Five severe AEs were reported, including a thromboembolic event, encephalopathy, cerebral oedema, muscle weakness, and a case of meningitis described above, which was the only severe AE probably related to NSC-CRAd-S-pk7. All patients recovered fully from their AEs, with no dropouts or deaths due to an AE. The quality-of-life data were similar to that of the standard treatment in gliomas,” added the investigators.

Assessment of best response showed that of 12 patients, one had a partial response, one had pseudoprogression, and ten had stable disease. Median progression-free survival (PFS) was 9.1 months and median overall survival (OS) was 18.4 months. “The addition of NSC-CRAd-S-pk7 to neurosurgery and chemoradiotherapy showed potential survival benefit in comparison with historical controls,” the investigators highlighted.
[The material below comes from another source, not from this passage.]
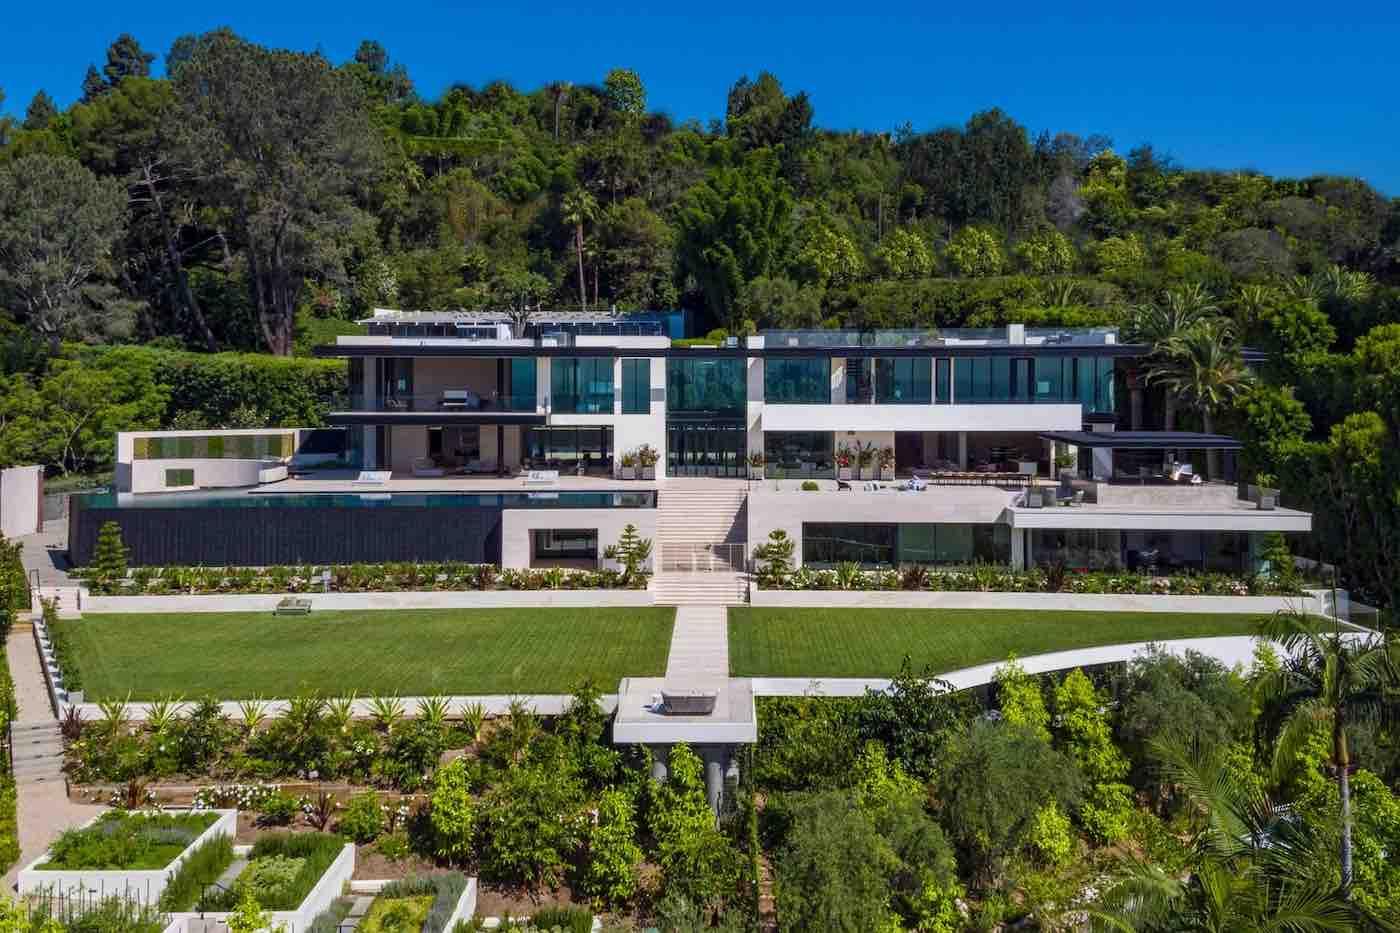 Esta exótica casa de lujo en Bel Air, California está a la venta en 99 millones de dólares

In the subset of patients (n=9) with unmethylated MGMT promoter, median PFS was 8.8 months, and median OS was 18.0 months. “NSCCRAd-S-pk7 showed potential survival benefit in patients whose tumours had an unmethylated MGMT promoter, who are known to obtain no benefit from temozolomide treatment and exhibit poor prognostic outcomes,” the investigators noted.

Of the three patients with methylated MGMT promoter, two patients were censored at last follow-up, and the one uncensored patient had a PFS of 24.2 months and an OS of 36.4 months.

“This phase I trial has shown the safety and tolerability of NSC-CRAd-S-pk7 injection during surgery in patients with newly diagnosed malignant gliomas. Immediate initiation of standard chemoradiotherapy was feasible and did not lead to undue delay or complications. Patients had favourable survival outcomes, especially those with unmethylated MGMT promoter. This trial sets the stage for a phase II/II study, in which the efficacy of NSC-CRAd-S-pk7 in prolonging survival in a larger cohort of patients with controlled conditions can be explored,” concluded the investigators.